Сергей Морозов - Великий полдень
— Я до сих пор не знаю, следует ли рассказать обо всем об этом самому Папе, — покачала головой девушка. — Противно носить это в себе, но еще противнее участвовать в этих играх.
— Плюнь на это, — успокоил я ее. — Я сам попадал в подобные ситуации. И давно плюнул. Папа сам во всем разберется. Это ж его родная стихия. Может быть, он действительно сходит с ума, а может быть, выстраивает очередную комбинацию.
— Но его действительно могут убить, — снова покачала головой Альга.
Что я мог на это сказать?
— Ты не договорила, — прервал я ее. — Ты хотела рассказать о том, что у тебя произошло с Папой, — напомнил я, возвращая Альгу к прерванному рассказу. — В ту ночь после покушения. Когда Папа вообразил себя мессией и спасителем России…
— Он действительно так думает, — серьезно сказала она.
Сколько всякого разного довелось испытать девушке из за ее изумрудных глаз!
Потом Папа взял Альгу за руку и стал рассказывать про свое детство.

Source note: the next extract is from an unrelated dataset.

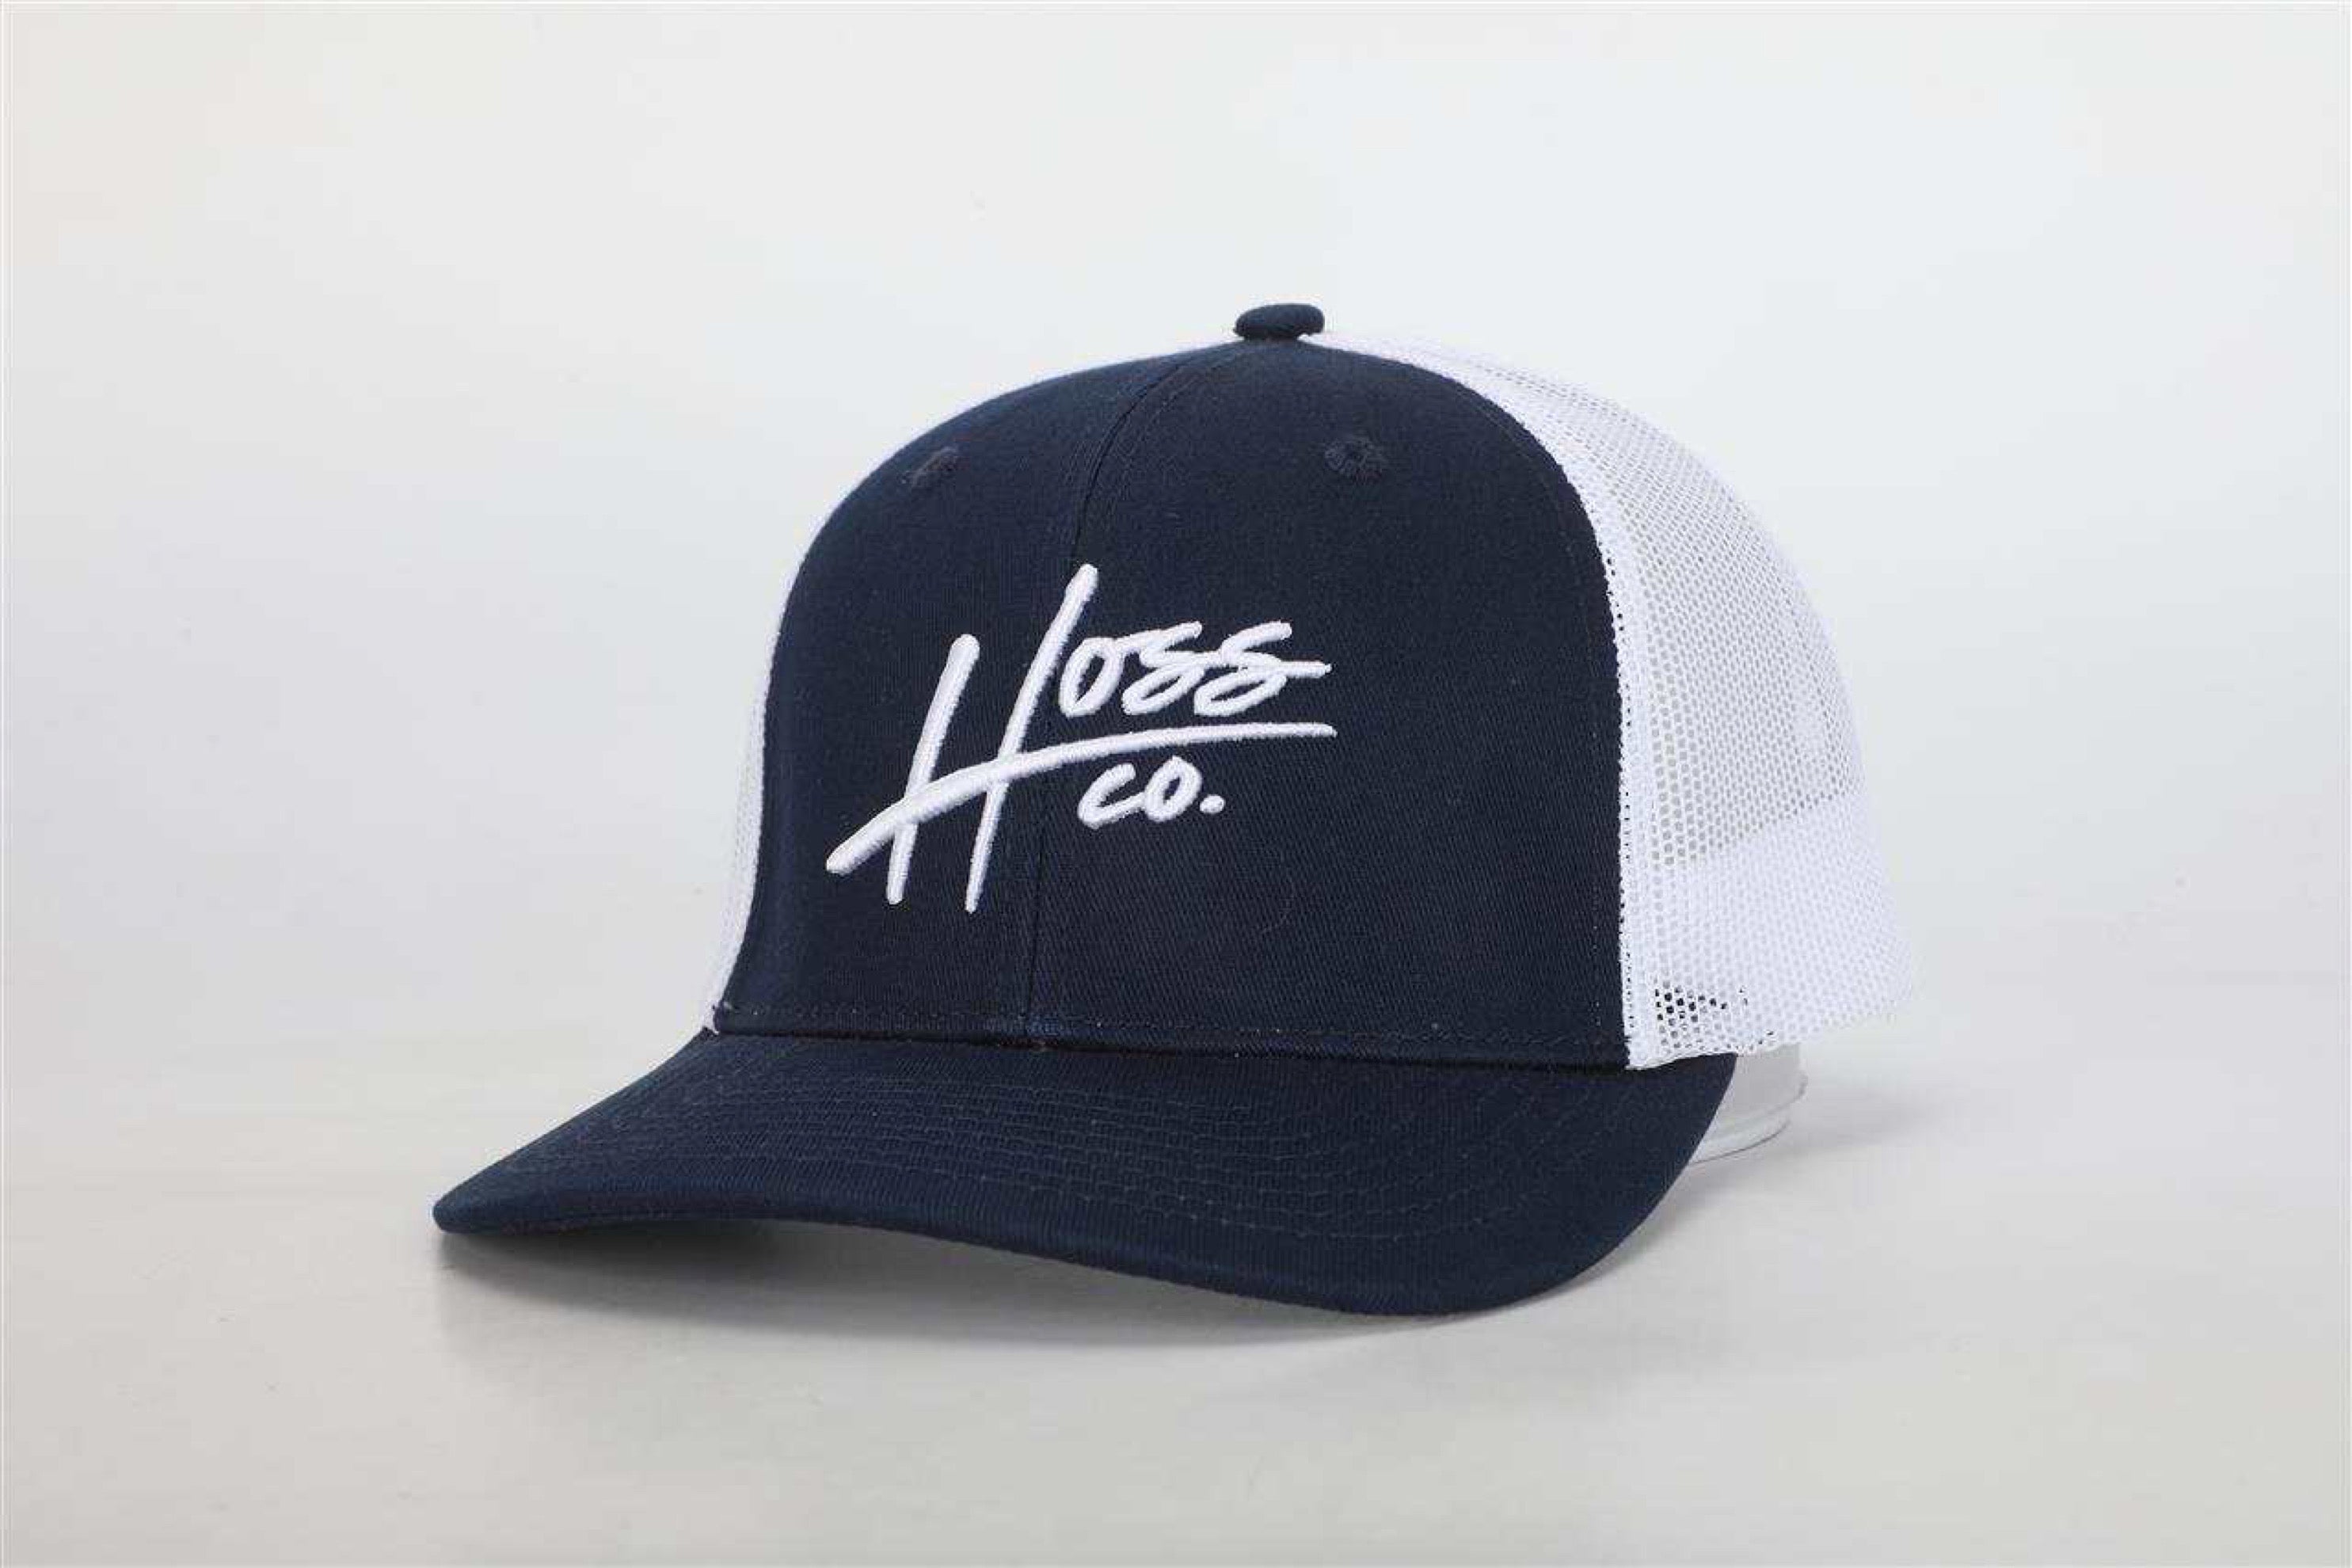 Hoss Navy/White Trucker Hat

Иногда у него увлажнялись глаза. Ничего удивительного, что и у нее наворачивались слезы. Он поведал о том, что заливные луга, полные цветов, золотистый мед, необычайной вкусноты, — увы, не единственные впечатления его раннего детства. Все было не так сусально и приторно. И даже совершенно наоборот: ужасно и горько. Его папаша, ныне такой добродушный весельчак дедушка Филипп — пчеловод и пасечник — допился до того, что волшебная пасека стала гнить и истребляться, а сам папаша зверел и жестоко избивал жену, которая в конце концов заболела раком и умерла, а маленького Папу определили в интернат. Его забрала оттуда одна из сердобольных тетушек. Как бы там ни было, но Папа считал, что именно интернат закалил его, воспитал в нем лучшие качества. Вероятно, по этой причине он с самого начала поощрял идею создания Пансиона в Деревне. Словом, еще одно несчастливое детство. Где то я уже слышал нечто подобное… Что же дальше?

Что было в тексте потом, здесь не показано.